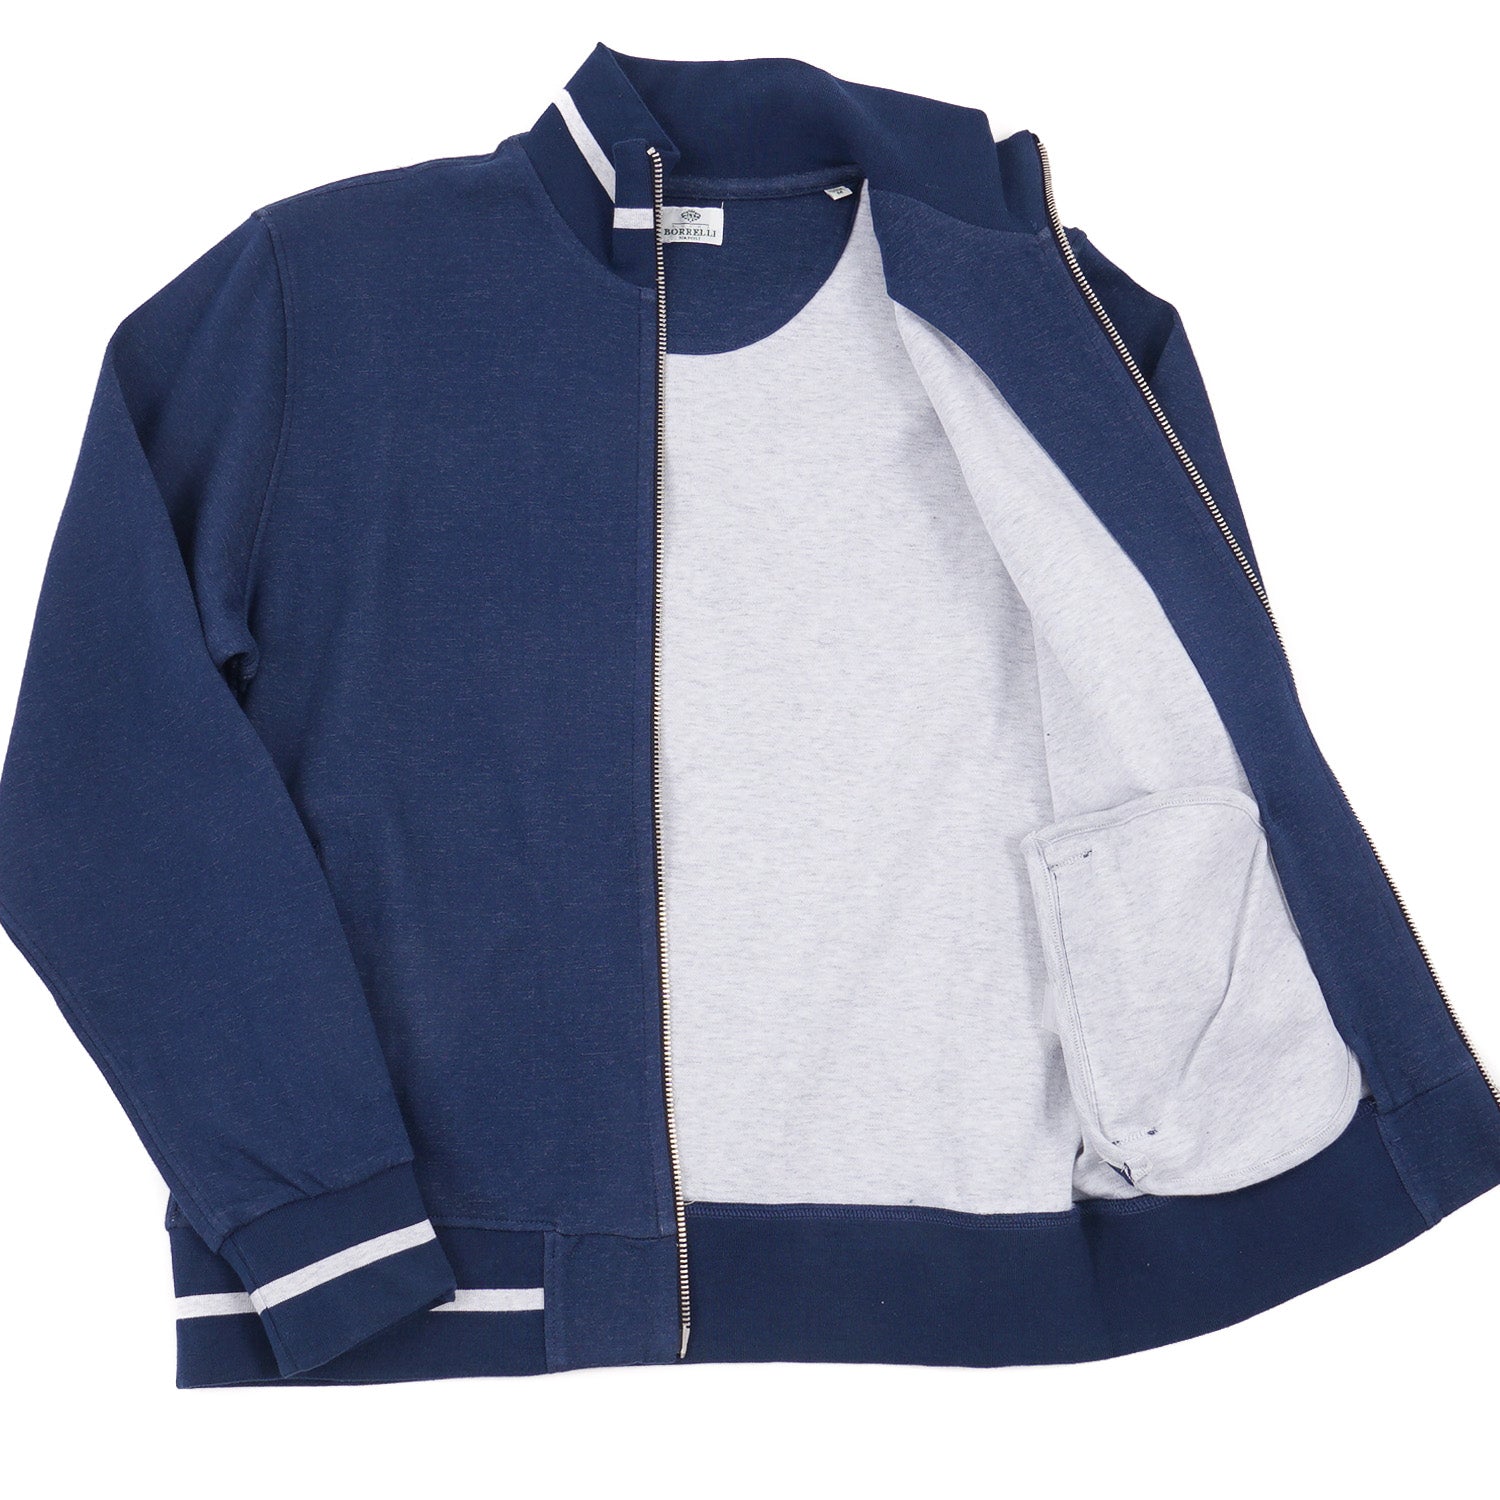 Borrelli Jersey Cotton Athletic Jacket - Top Shelf Apparel
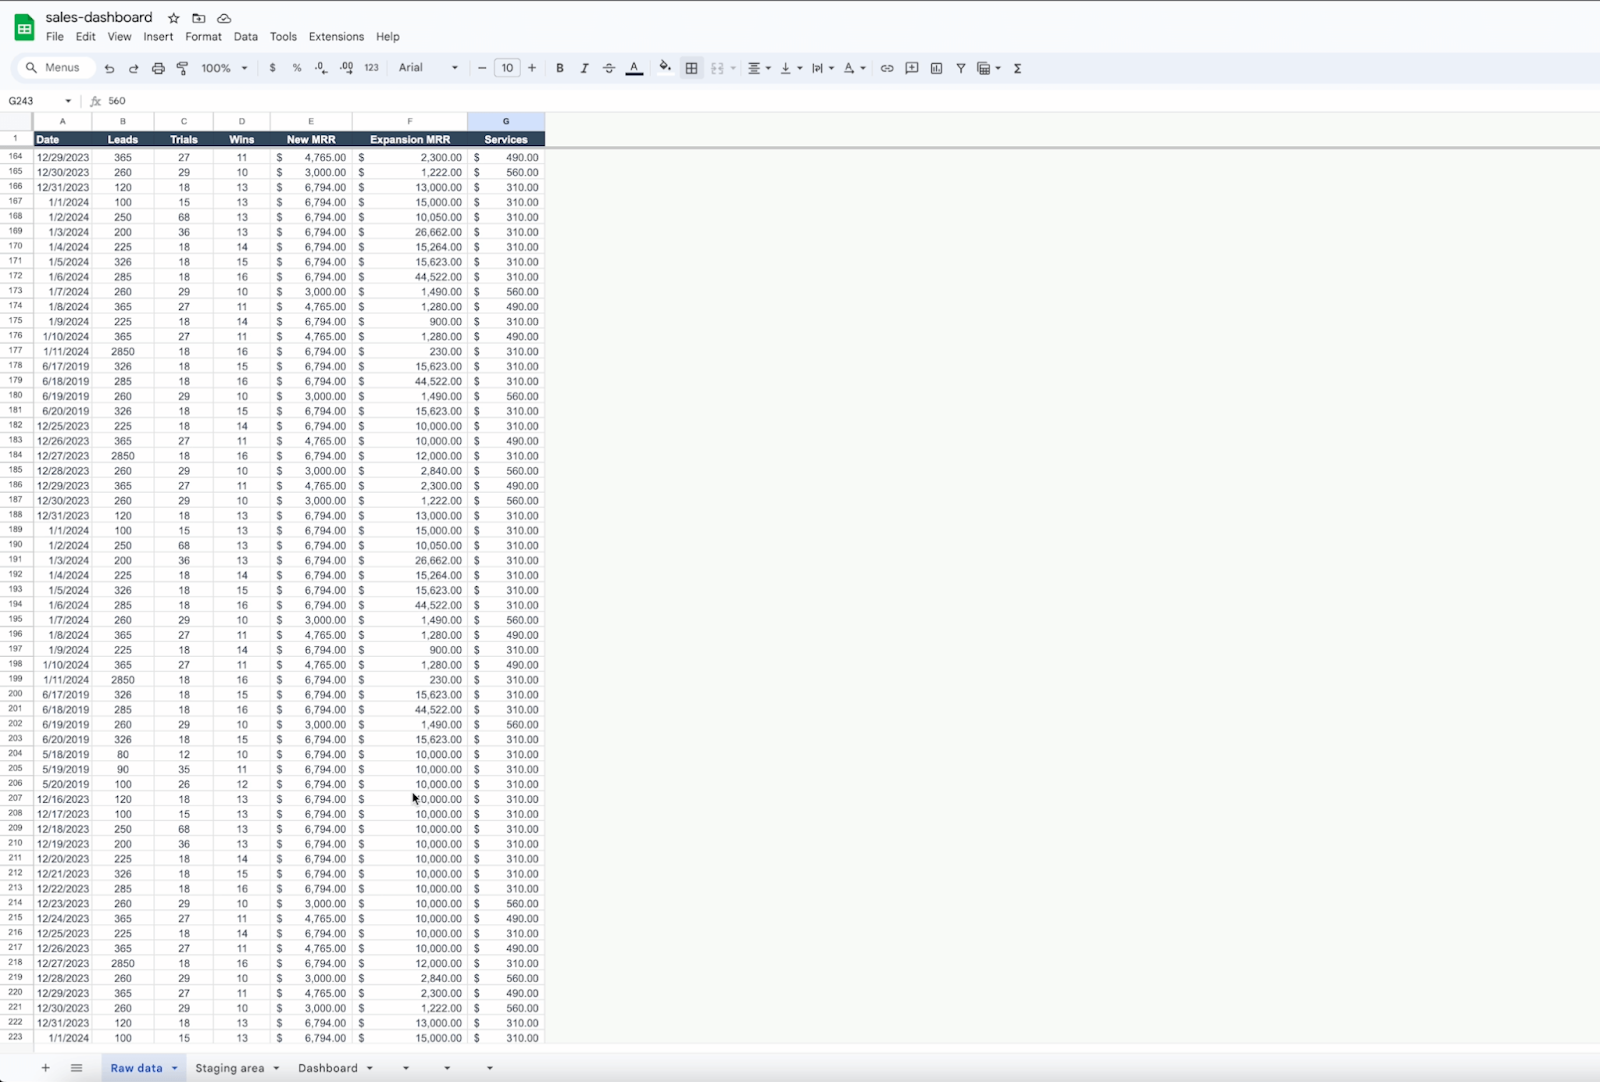 Screenshot of raw data in a spreadsheet.
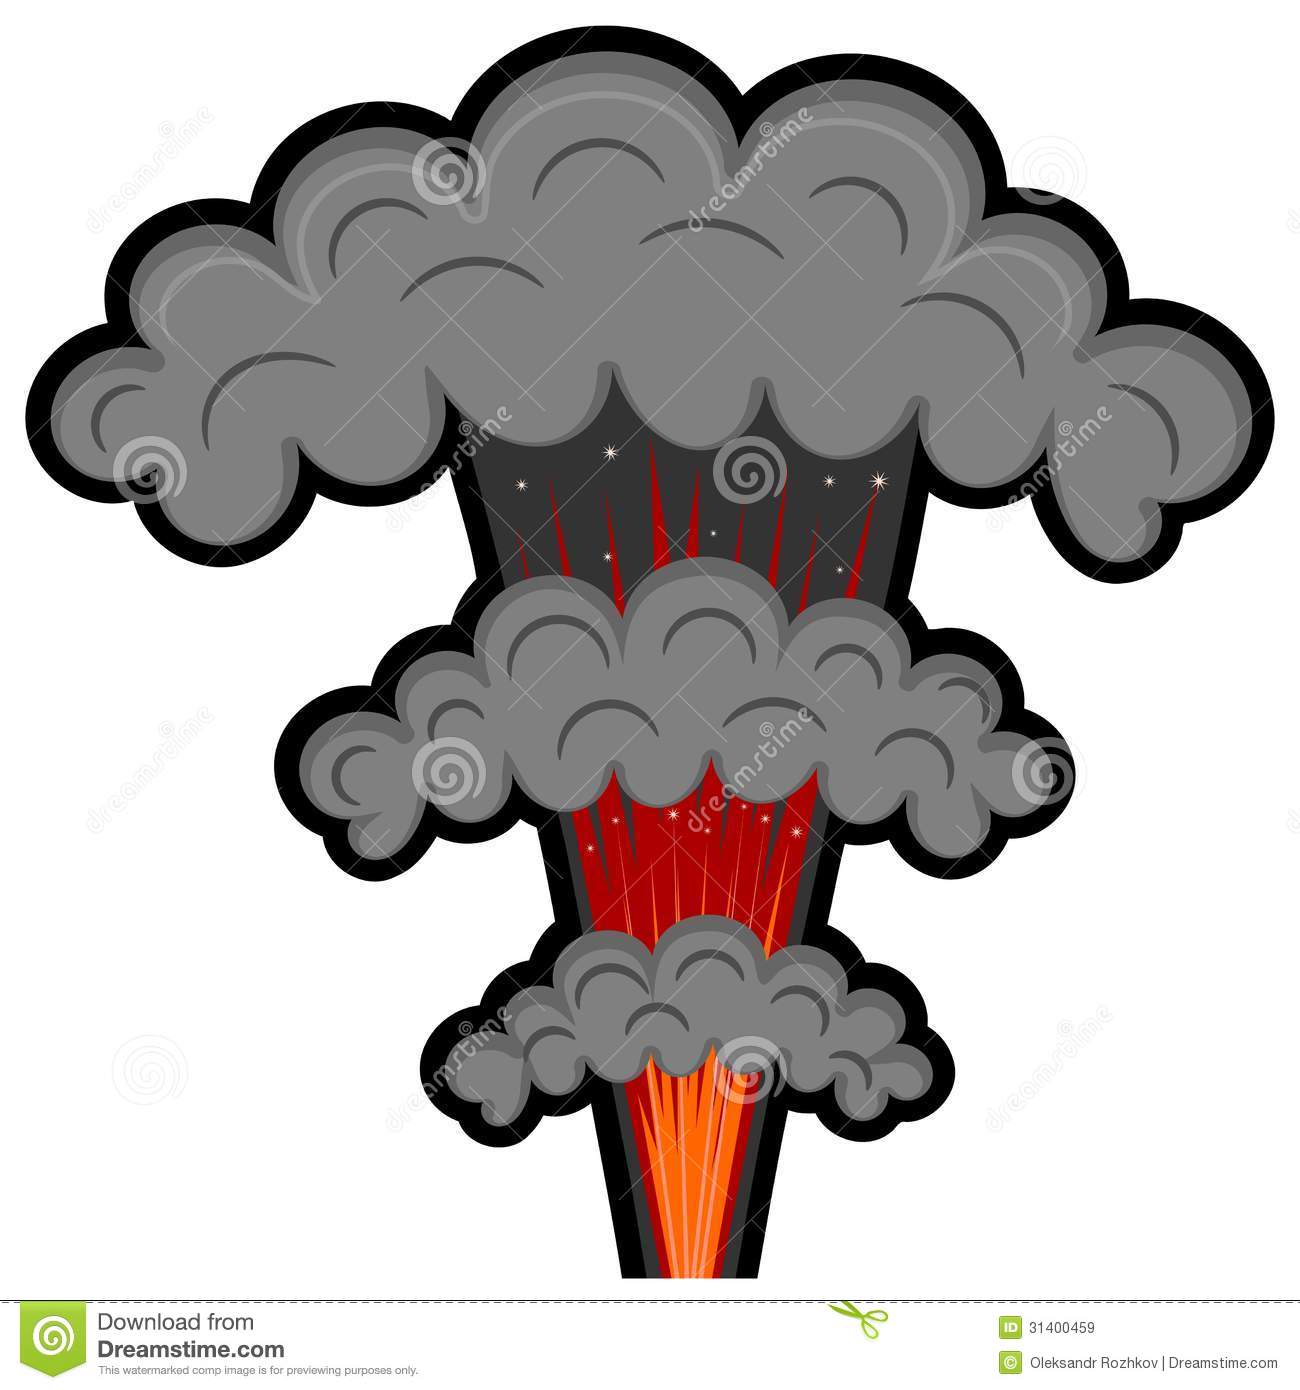 Cartoon Explosion  Eps10 Royalty Free Stock Images   Image  31400459

_ _ _ _ _

Action item:
In the data above, the line containing "Screenshot of raw data in a spreadsheet." and all lines after it are to be reproduced exactly, leaving out the pictures.

Completed exercise:
 Screenshot of raw data in a spreadsheet.
 Cartoon Explosion  Eps10 Royalty Free Stock Images   Image  31400459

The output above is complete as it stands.